Currently, the agency has no information to determine the extent to 
which any such degradation may exist, or the extent to which it may 
impede vehicle safety. Moreover, the agency has no information on the 
number of EVs that will employ electric resistance heaters or use 
auxiliary combustible fuel heaters. To a large extent, EV technology is 
still in the developmental state. Therefore, NHTSA will monitor this 
issue for possible future rulemaking, and encourages the industry to 
explore it as well.
    Toyota also supported the proposed amendments, but suggested that 
three pre-test conditions be adopted. Under these conditions, testing 
would be initiated with the battery at full charge, and the battery 
would be charging until defrost/defog testing is started. However, the 
battery should not be included in the -18 degrees C soak time as 
currently specified by the test procedure of SAE Standard J902 
incorporated by reference in Standard No. 103. NHTSA appreciates 
Toyota's comments but believes that manufacturers are likely to begin 
defrost/defog testing with the battery at its maximum state of charge, 
and the battery will be charging until testing begins. Thus, no further 
regulatory language appears called for. The agency disagrees with 
Toyota's contention that the battery should not be included in the soak 
time because a temperature of -18 degrees C replicates the real world 
conditions under which some EVs are likely to be operated. Thus, NHTSA 
will not consider Toyota's suggestion as a candidate for future 
    Taking into consideration the foregoing remarks, NHTSA is amending 
S4.3 (a) and (b) of Standard No. 103 exactly as proposed, with a single 
exception. The present reference speed in S4.3(b)(2)(ii) is 25 m.p.h. 
The NPRM incorrectly stated it as 15 m.p.h. There was no intention to 
propose a reference speed of 15 m.p.h., and the final rule correctly 
states it as 25 m.p.h.

Effective Date

    The amendments are effective September 6, 1994.

Rulemaking Analyses

Executive Order 12866 and DOT Regulatory Policies and Procedures

    NHTSA has considered the impacts of this rulemaking action under 
E.O. 12866 ``Regulatory Planning and Review'', and the Department of 
Transportation regulatory policies and procedures. This action has been 
determined to be not ``significant'' under either, and has not been 
reviewed by OMB under E.O. 12866. The agency has determined that the 
economic effects of the amendment are so minimal that a full regulatory 
evaluation is not required. The purpose of the rule is to clarify 
several existing requirements applicable to all motor vehicles so that 
they may, in recognition of the different characteristics of EVs, be 
more appropriate for EVs. The rule makes no change in the cost of 
compliance for EVs.

Executive Order 12612 (Federalism)

    This action has been analyzed in accordance with the principles and 
criteria contained in Executive Order 12612 ``Federalism'' and it has 
been determined that the notice does not have sufficient federalism 
implications to warrant the preparation of a Federalism Assessment.
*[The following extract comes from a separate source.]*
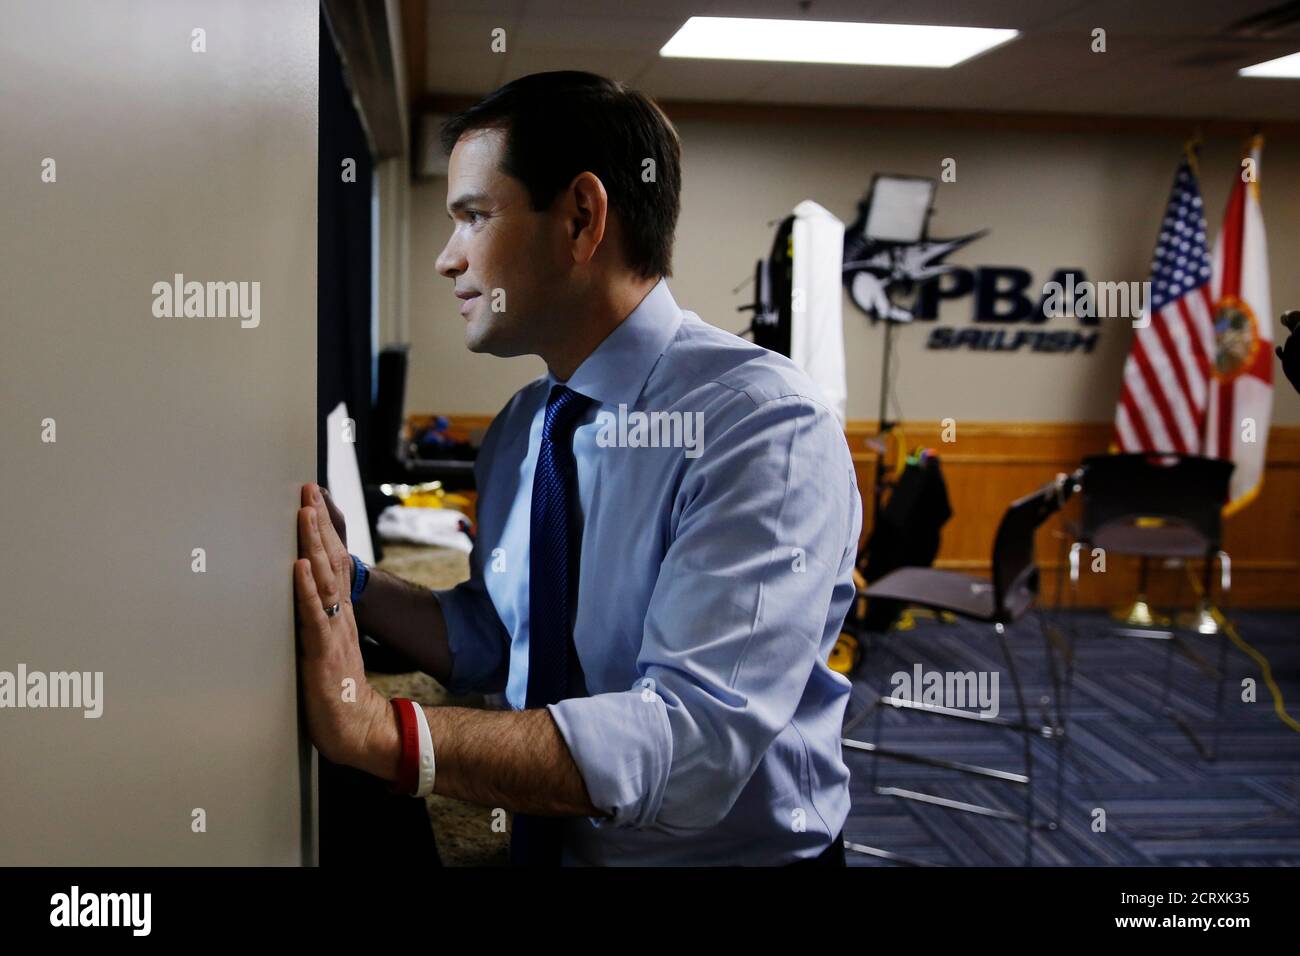 Republican U.S. presidential candidate Marco Rubio peeks into the arena before being introduced at a campaign event at Palm Beach Atlantic University in West Palm Beach, Florida March 14, 2016.     REUTERS/Carlo Allegri     TPX IMAGES OF THE DAY Stock Photo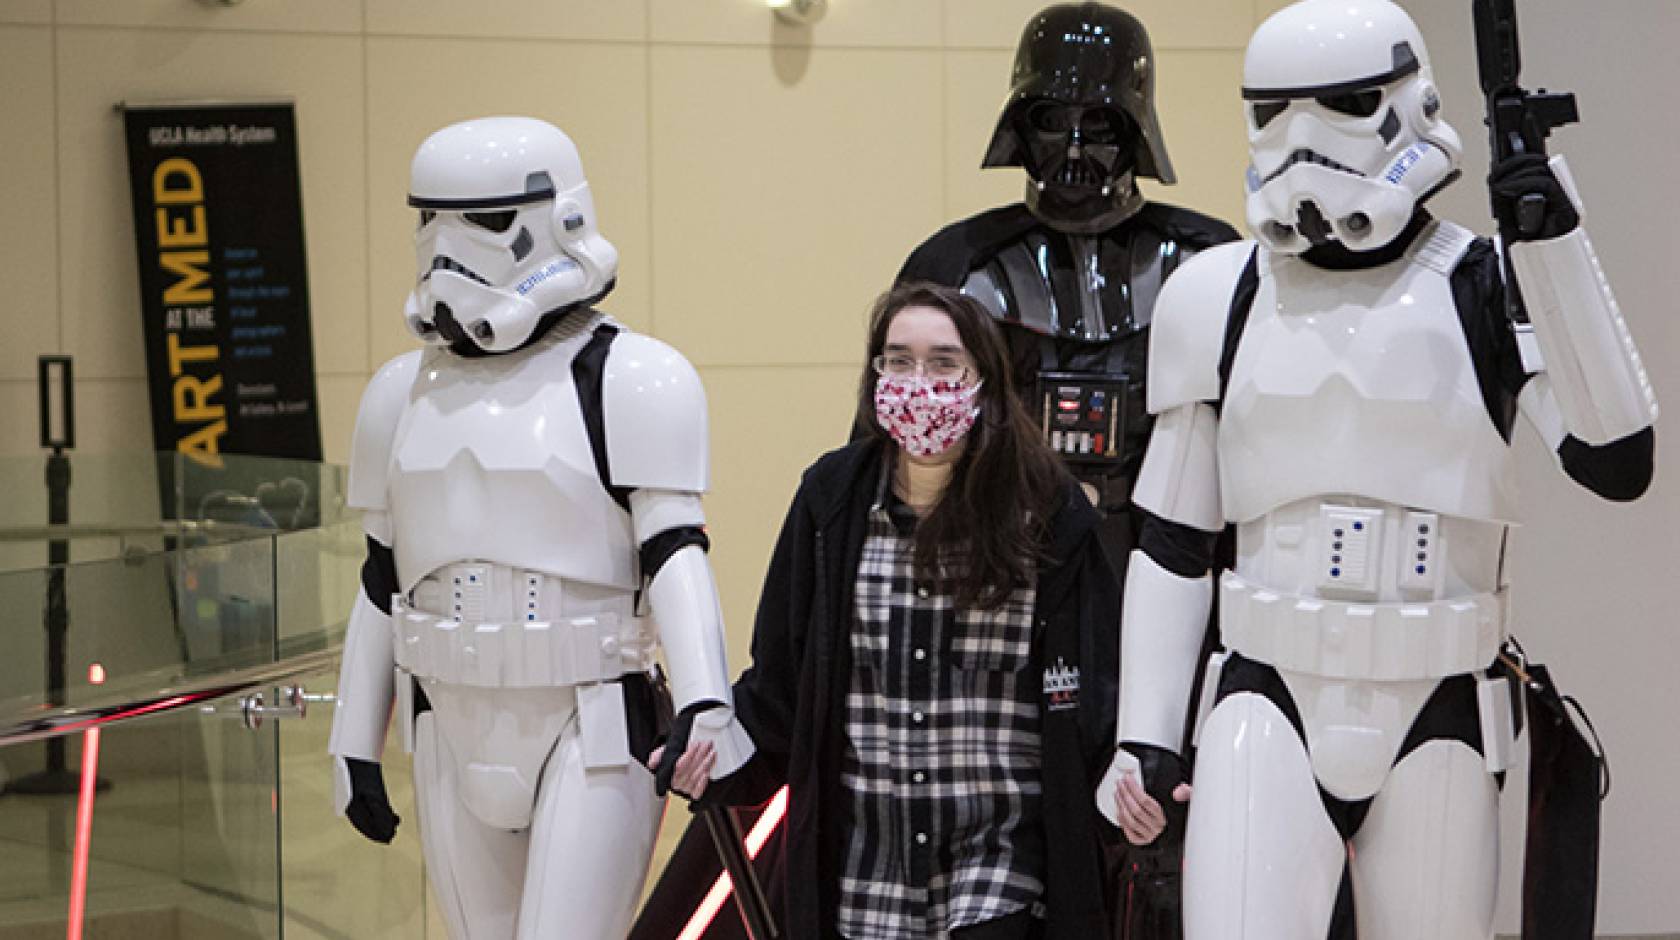 Following a lung transplant, Kathlyn Chassey makes a triumphant exit from the Reagan UCLA Medical Center on Wednesday, Jan. 11, accompanied by Darth Vader and storm troopers from "Star Wars."

National Environmental Policy Act

    The agency has determined that the notice will not have a 
significant effect upon the environment for the purposes of the 
National Environmental Policy Act. There is no environmental impact 
associated with the rulemaking action since it clarifies the 
applicability of an existing Federal motor vehicle safety standard to 
EVs. To the extent that the rulemaking action will facilitate the 
production of EVs, it may result in a net positive benefit to the 

Regulatory Flexibility Act

    The agency has also considered the effects of this rulemaking 
action in relation to the Regulatory Flexibility Act. I certify that 
this rulemaking action will not have a significant economic effect upon 
a substantial number of small entities. Although some EV manufacturers 
may be small businesses within the meaning of the Regulatory 
Flexibility Act, these manufacturers are already required to comply 
with the Federal motor vehicle safety standards that the rulemaking 
action is intended to clarify. Further, small organizations and 
governmental jurisdictions will not be significantly affected as the 
price of new EVs should not be impacted. The notice clarifies some 
existing requirements that EVs must meet. Accordingly, no Regulatory 
Flexibility Analysis has been prepared.

Civil Justice Reform

    This rule will not have any retroactive effect. Under section 
103(d) of the National Traffic and Motor Vehicle Safety Act (15 U.S.C. 
1392(d)), whenever a Federal motor vehicle safety standard is in 
effect, a state may not adopt or maintain a safety standard applicable 
to the same aspect of performance which is not identical to the Federal 
standard. Section 105 of the Act (15 U.S.C. 1394) sets forth a 
procedure for judicial review of final rules establishing, amending or 
revoking Federal motor vehicle safety standards. That section does not 
require submission of a petition for reconsideration or other 
administrative proceedings before parties may file suit in court.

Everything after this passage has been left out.